▸ **Task prompt**
Retype the listing below line for line, but only from the line with "lammfell fingerhandschuhe burak" down to the line with "Model Claire", inclusive. Pictures stay out.

▸ **Dataset excerpts**
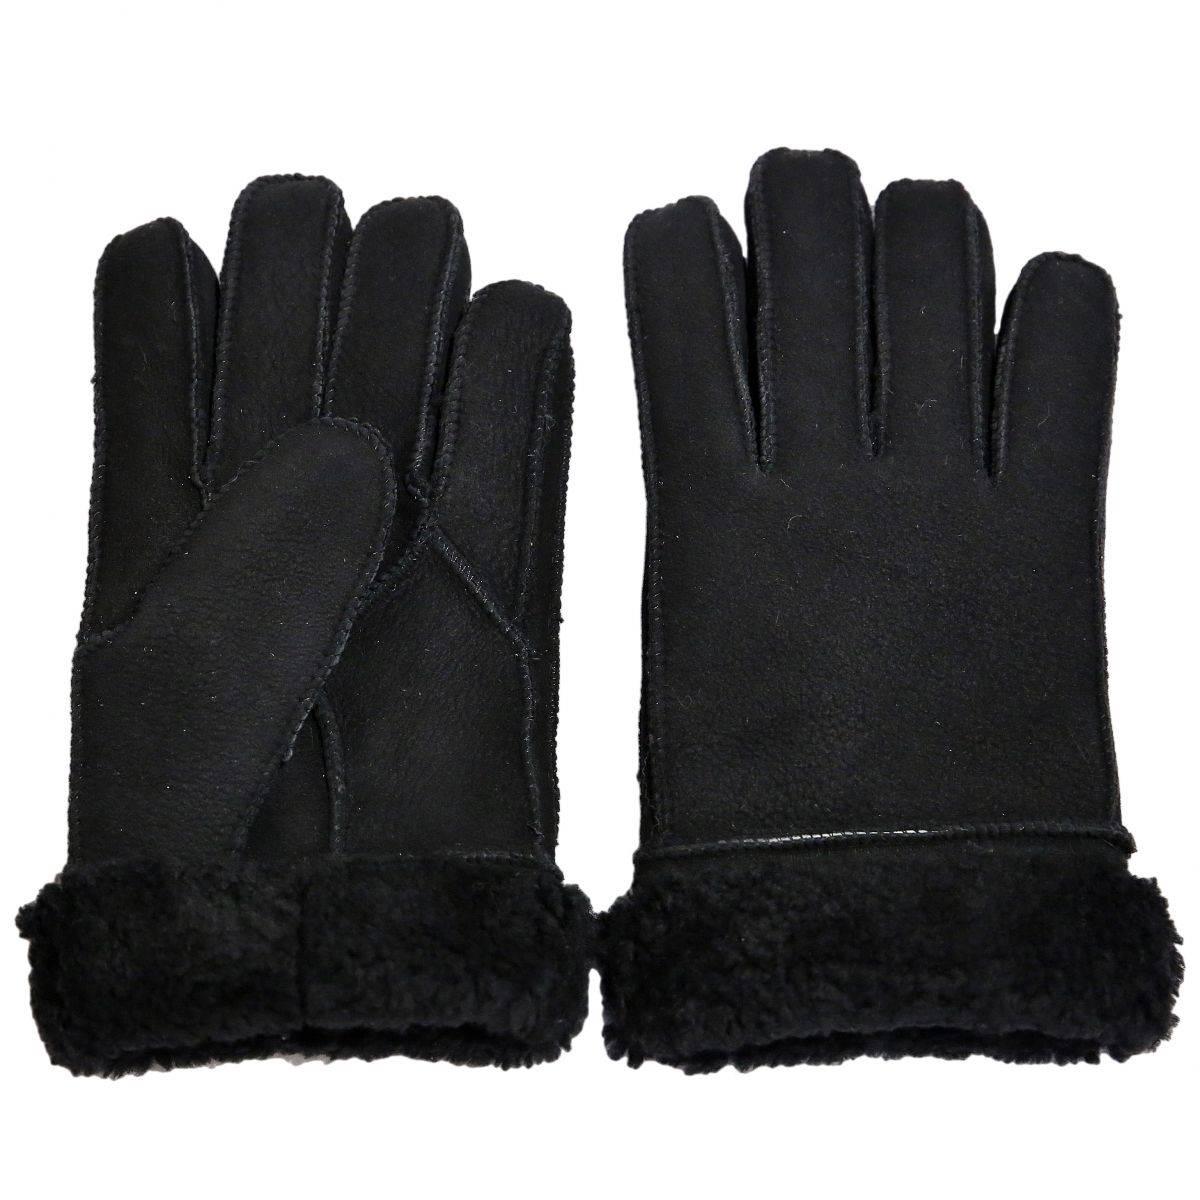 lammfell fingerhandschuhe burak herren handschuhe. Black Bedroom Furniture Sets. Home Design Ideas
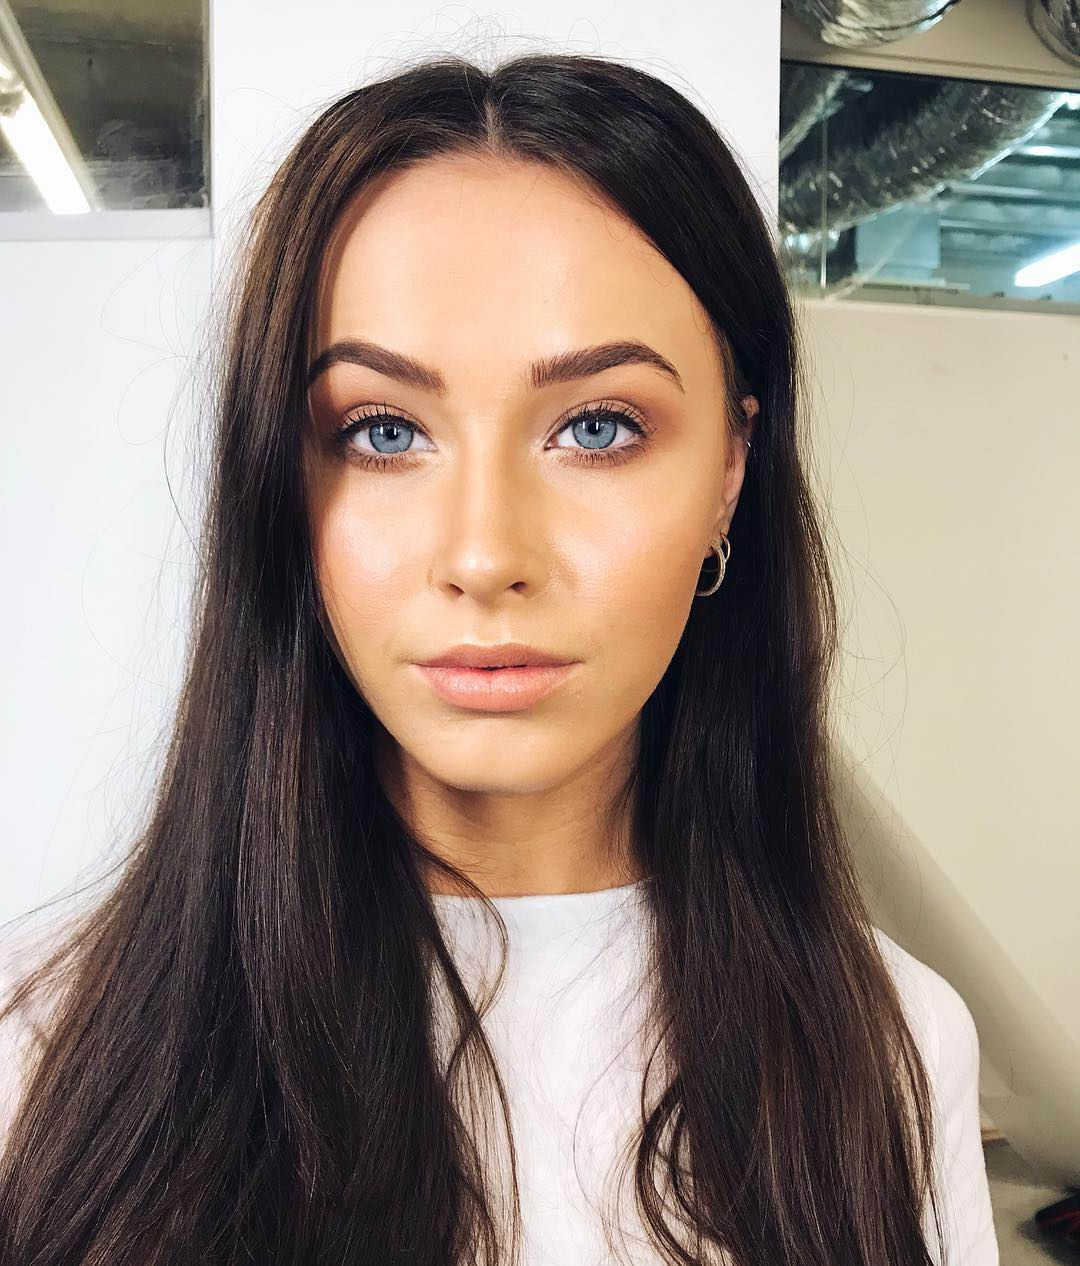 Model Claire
* * *
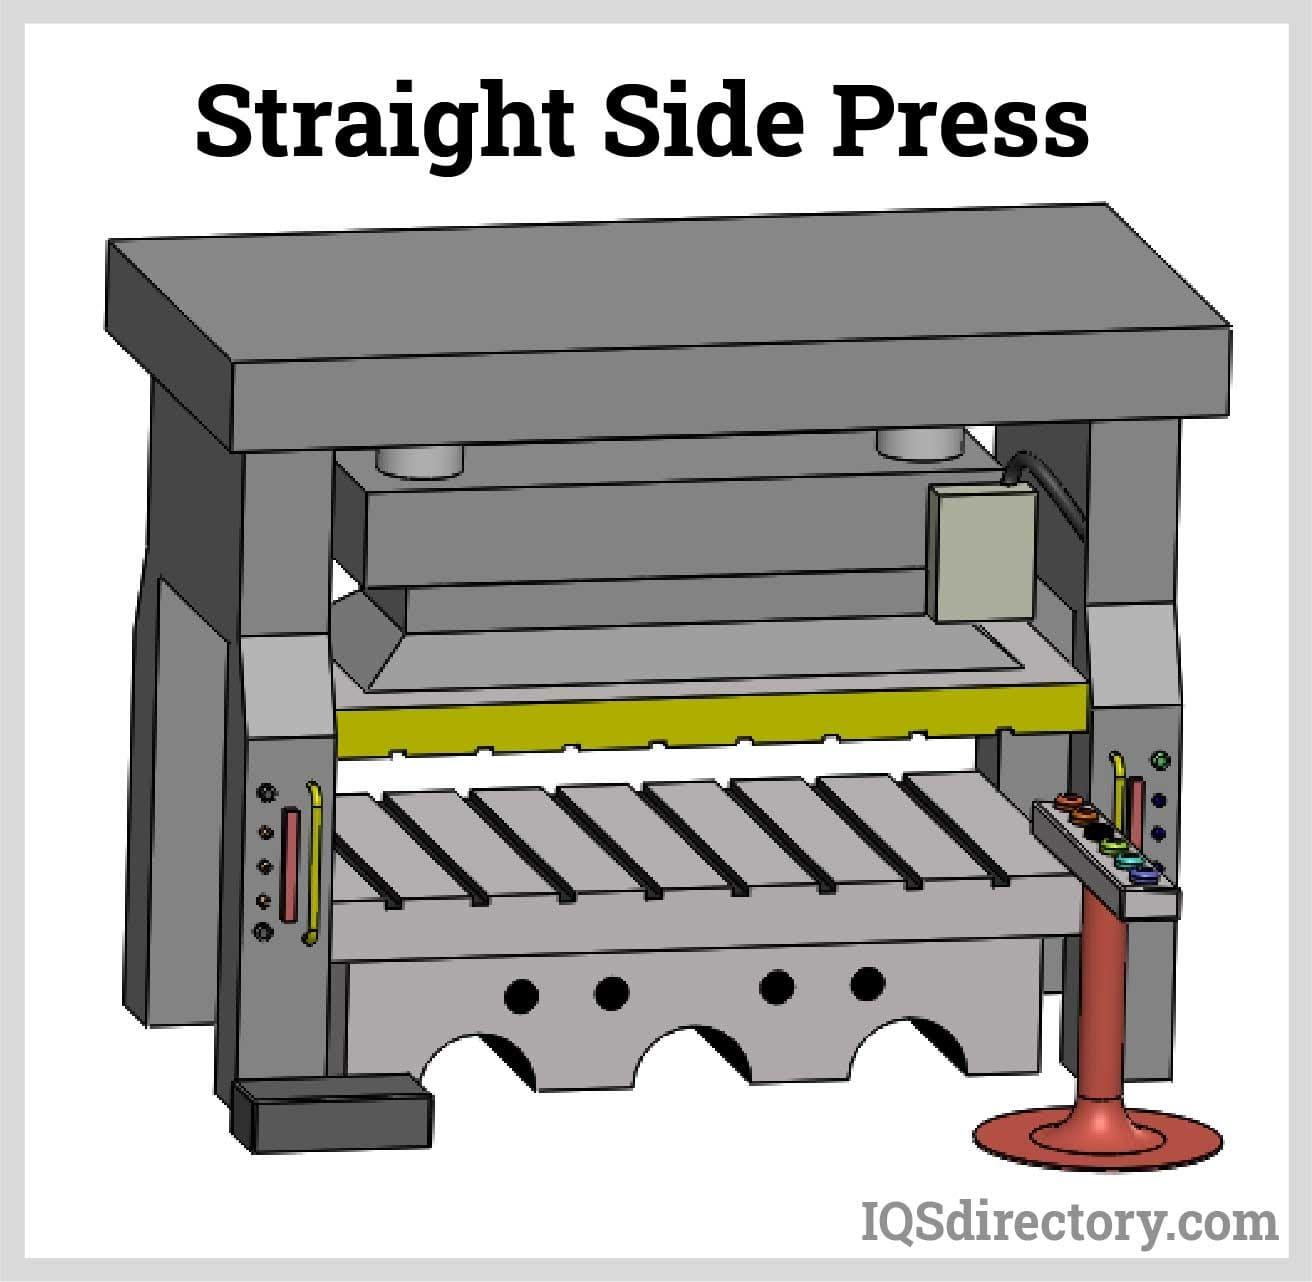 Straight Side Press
--
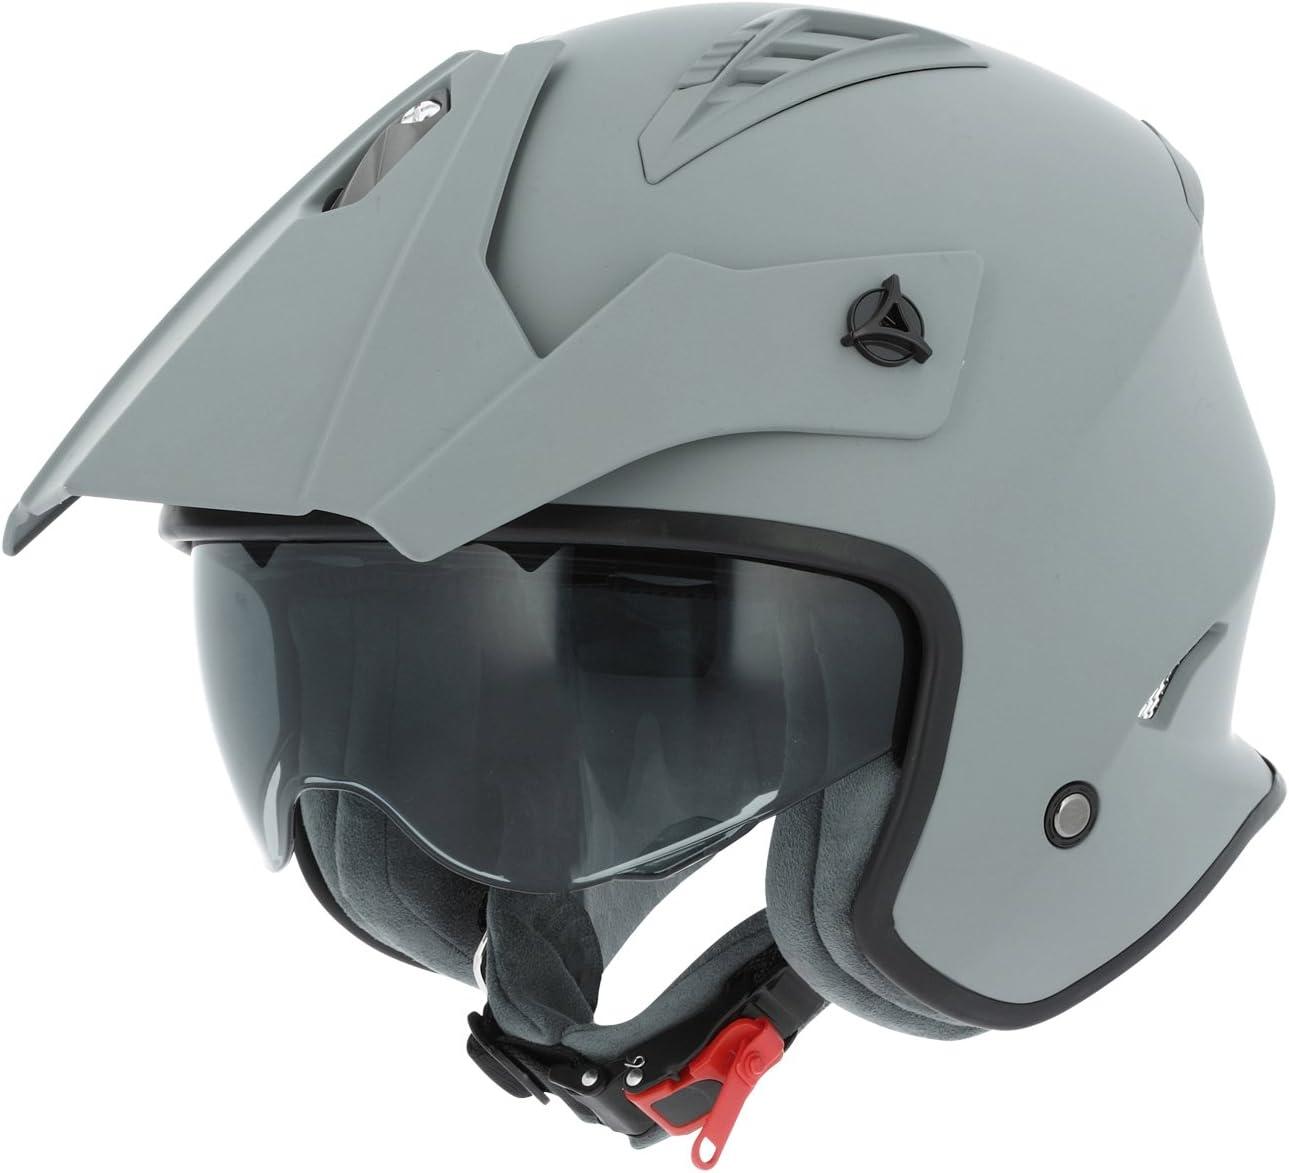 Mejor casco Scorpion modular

▸ **Output of the exercise**
 lammfell fingerhandschuhe burak herren handschuhe. Black Bedroom Furniture Sets. Home Design Ideas
 Model Claire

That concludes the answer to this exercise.